And so, to the point that we care about how clean code is, we only care about that in so far as it has an affect on our end product.

Casey Muratori

I used to care deeply about writing code that was as clean and elegant as possible. Functions should be short, and do one thing only. Don’t repeat yourself. Don’t have functions take more than three parameters. Functional programming has some rather elegant abstractions around manipulating lists of things too, and it was easy to feel proud of expressing a complex transformation, in a few lines of careful crafted maps, filters, and reduces. Yet somewhere is the background of my perceived ‘clean code’ lies the actual problem I am trying to solve, buried under layers and layers of ‘beautiful’ code.
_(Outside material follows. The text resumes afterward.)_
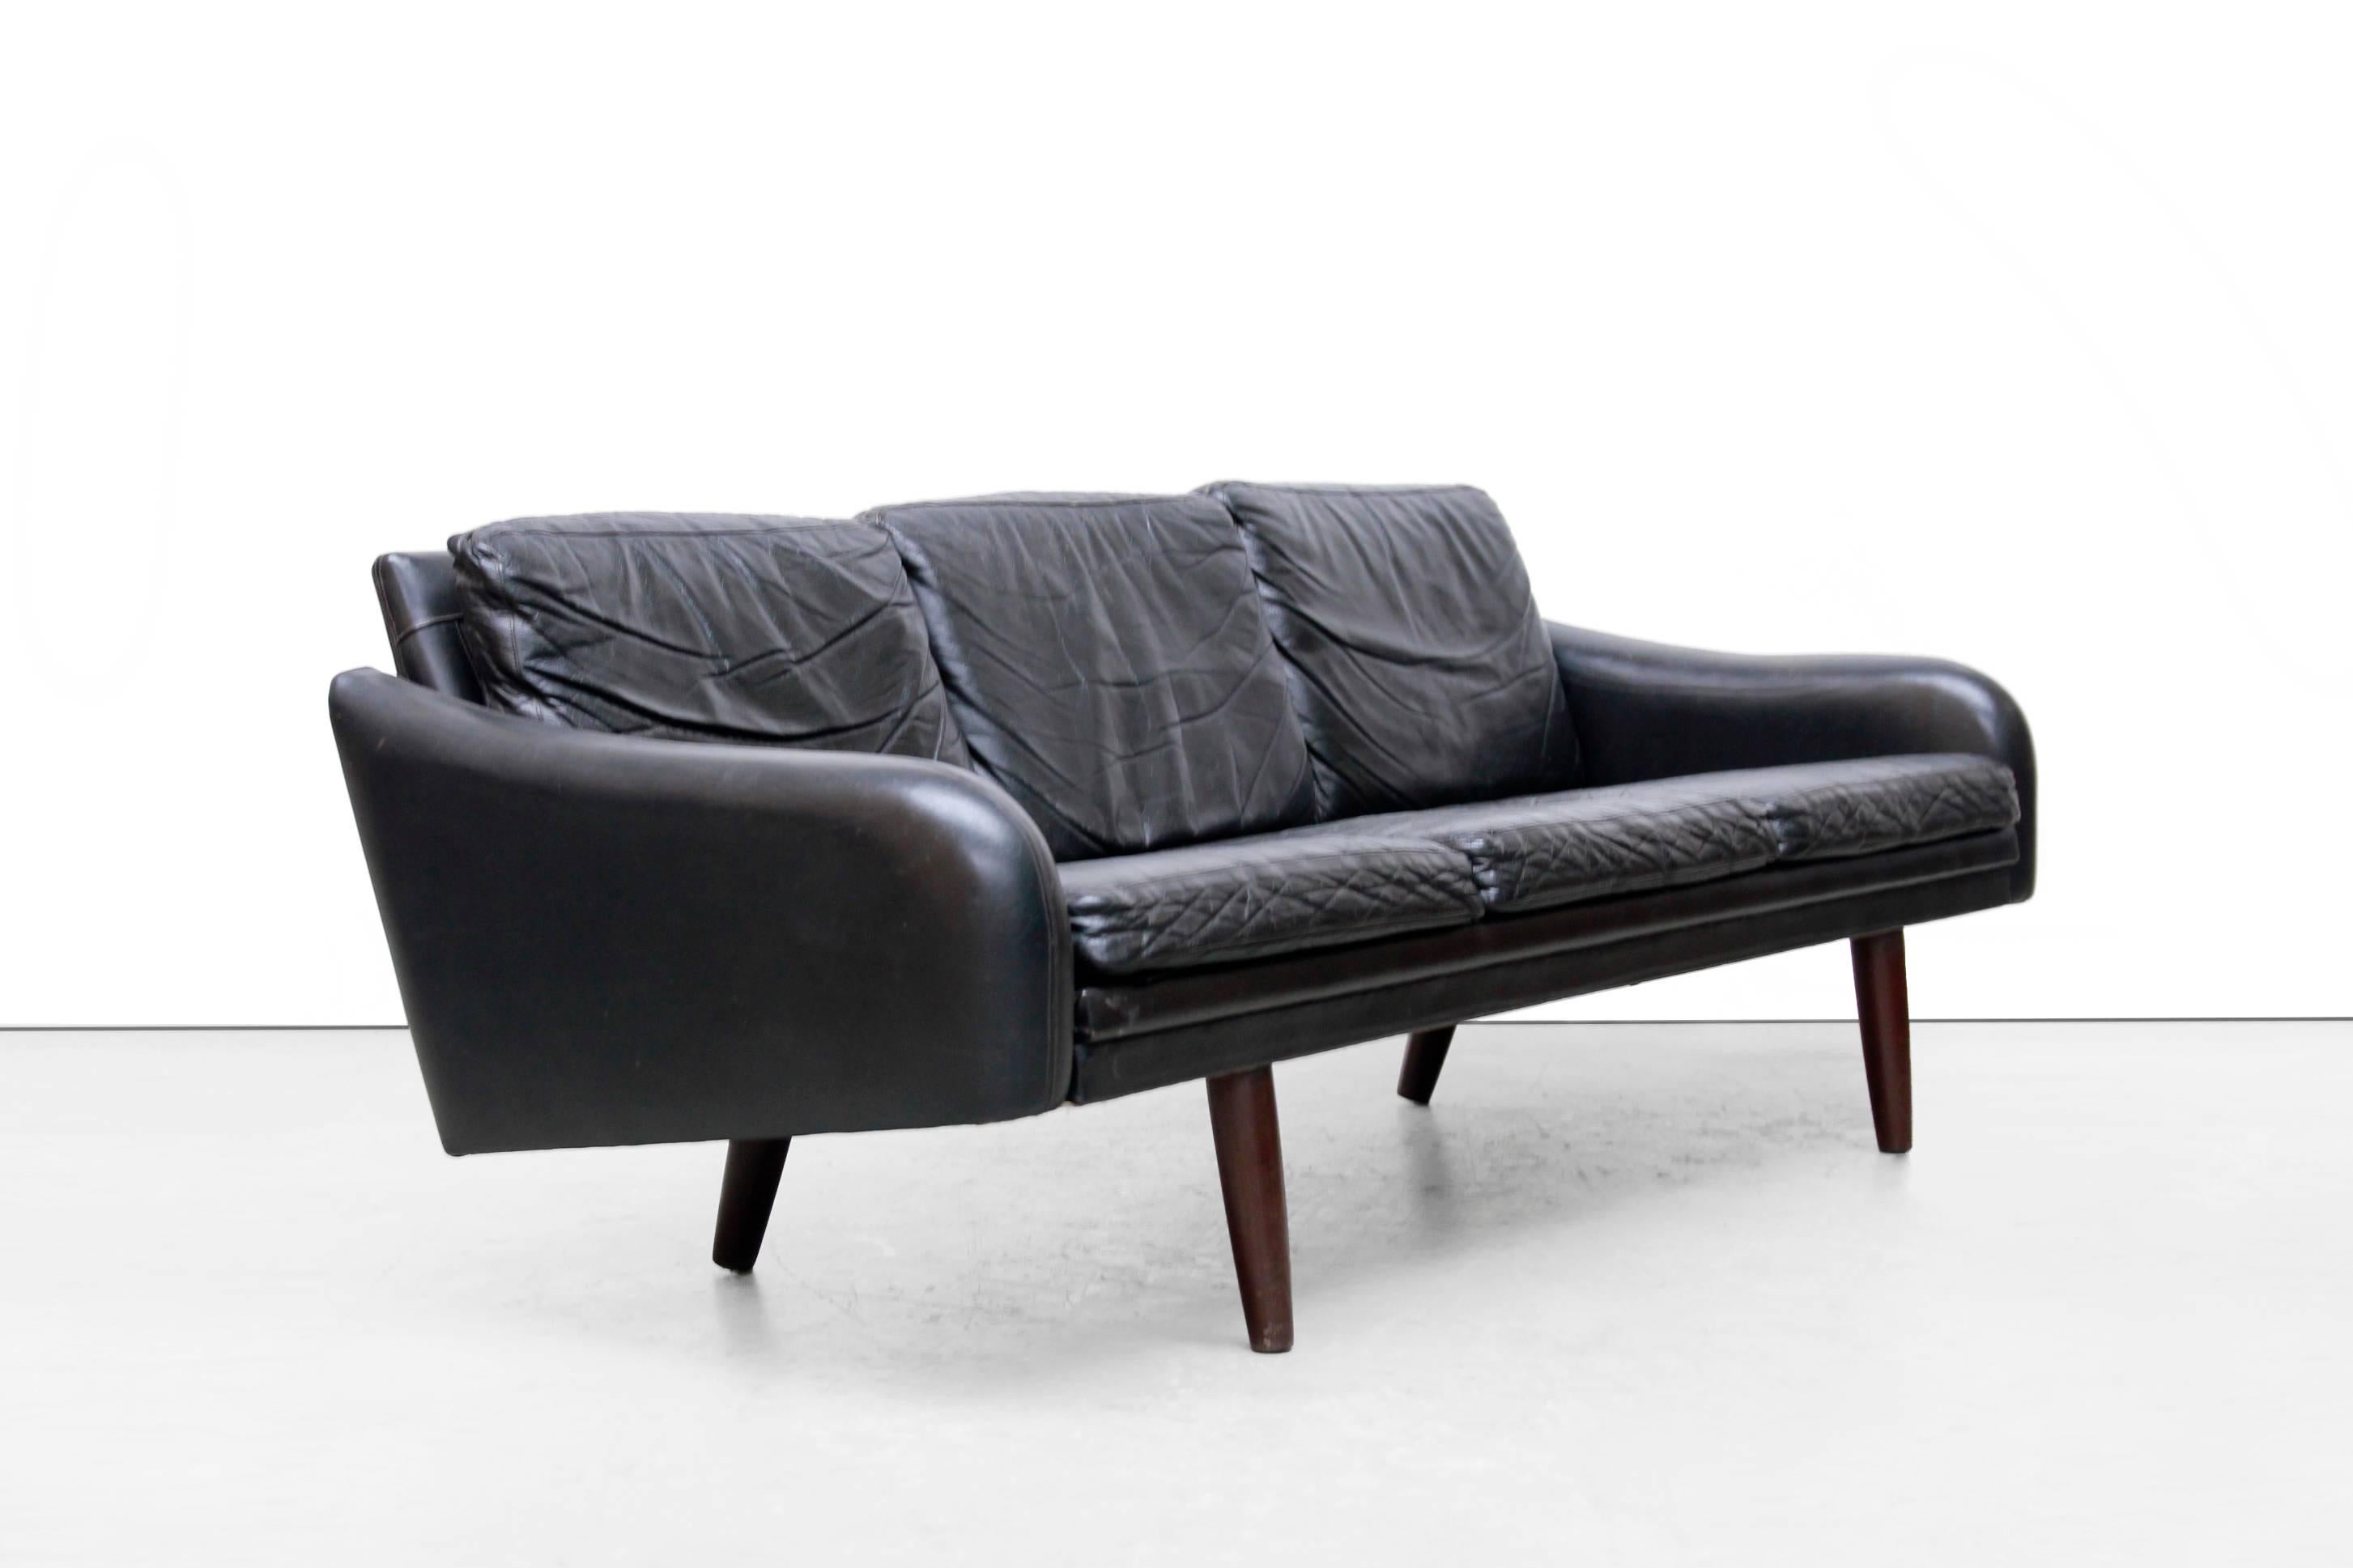 Black leather three-seat sofa from Danish furniture manufacturer. This sofa offers space for three people and is made of thick black leather with conical wooden legs. The armrests have a beautiful design, the high legs creates visual space, while it

If the way you look at code is that you think of it as messy or clean, that is a very bad habit in my opinion.

Casey Muratori

Enter Casey Muratori (of Handmade Hero fame) and his paradigm-shifting rant on why seeing code as messy or clean is a really bad habit. 1 His perspective was different and refreshing, and reminded me that code is merely a tool that we use to solve problems, and that our job is to solve those problems, not write ‘clean’ code. I’d summarize his salient points as follows:

It’s easy to gravitate towards the path of least resistance, and focus on things that are superficial, under the belief that they are more useful than they actually are. It’s far harder to focus on what actually matters.


  1. I highly recommend watching the whole lecture What Programming is Never About, by Abner Coimbre. It’s thanks to him that I actually heard Casey’s opinion on clean code.